Not an entirely fair comparison by using ruby_parser instead of an
incredibly restrained grammar… but there you have it.

That said, I will say that I only barely tolerate LR based parser
generators. I would love to have a fully conformant LL-based parser for
ruby. I’m not convinced it is possible as ruby’s grammar is seriously
fucked up.

Hi Thomas,

I use ANTLR to generate C++ code which I subsequently extend into Ruby.
It’d be absolute overkill if you’re not already extending/embedding for
your project though!

I believe ANTLR is LL(*).
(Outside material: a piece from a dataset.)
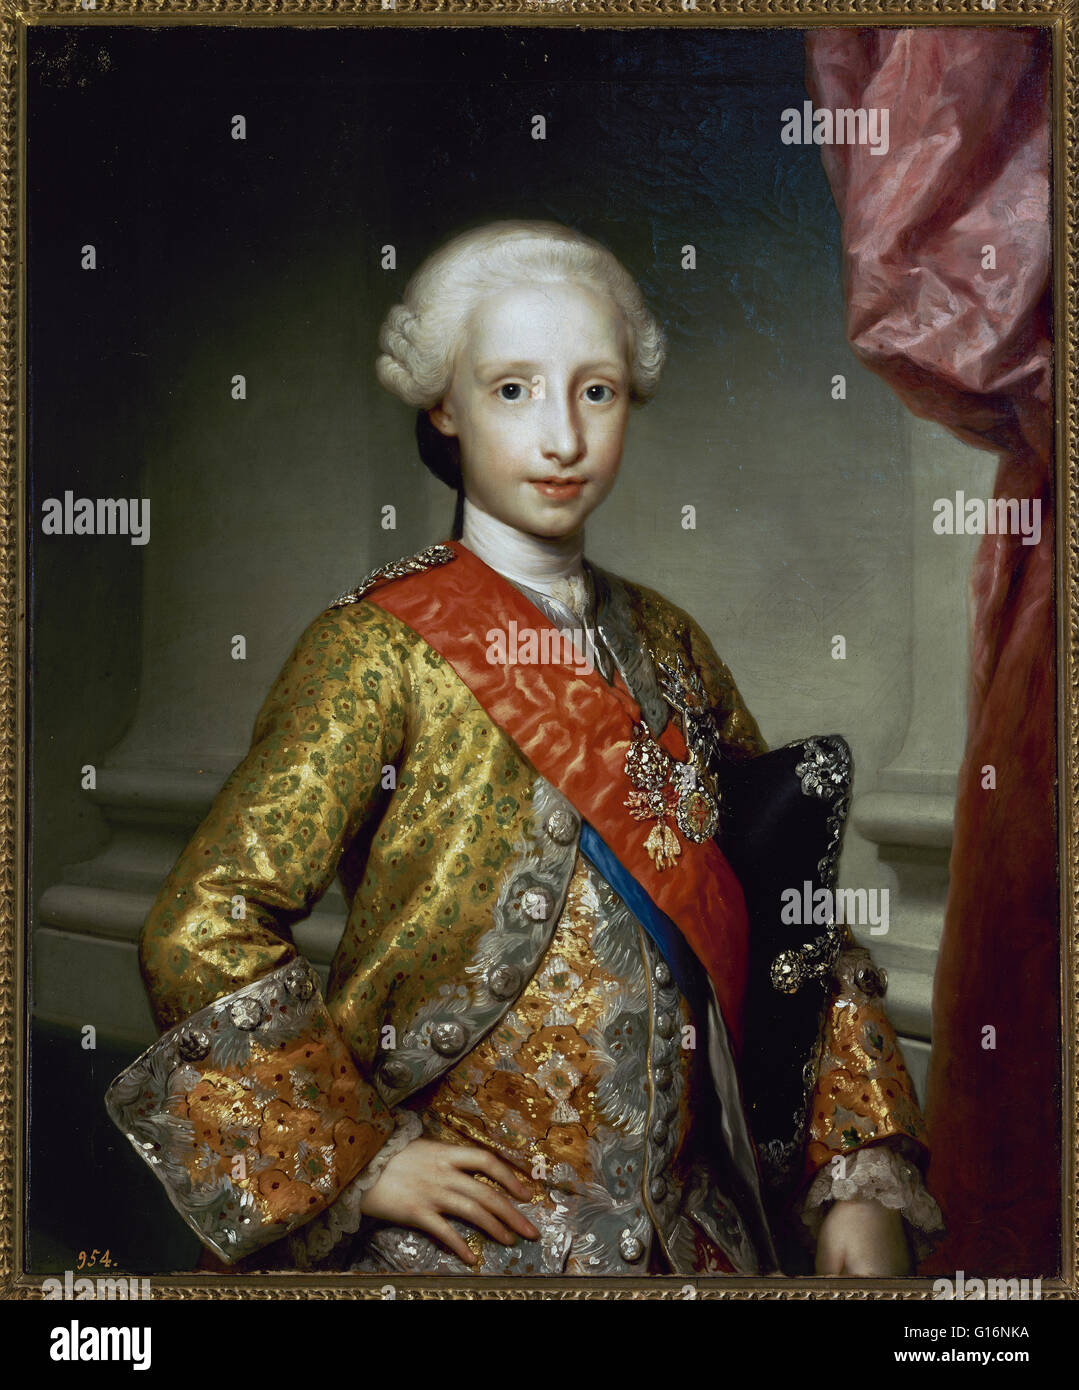 Antonio Pascual de Borbon y Sajonia (1755-1817). Infante of Spain. Portrait by Anton Raphael Mengs (1728-1779), 1767. Prado Museum. Madrid. Spain. Stock Photo

It also does lexers.

There is apparently a Ruby target for ANTLR as well. I’ve never tried it
myself.

You’ll need Java to build, but not to run- that’s the case in my current
project but I’m not using the latest ANTLR.

Some links:

http://www.antlr.org/

http://www.antlr.org/wiki/display/ANTLR3/Antlr3RubyTarget

Another thing to explore, maybe. :slight_smile:

Good luck!

Garth

PS. If someone has already suggested ANTLR, my apologies. I skimmed the
replied but it was hardly a detailed search.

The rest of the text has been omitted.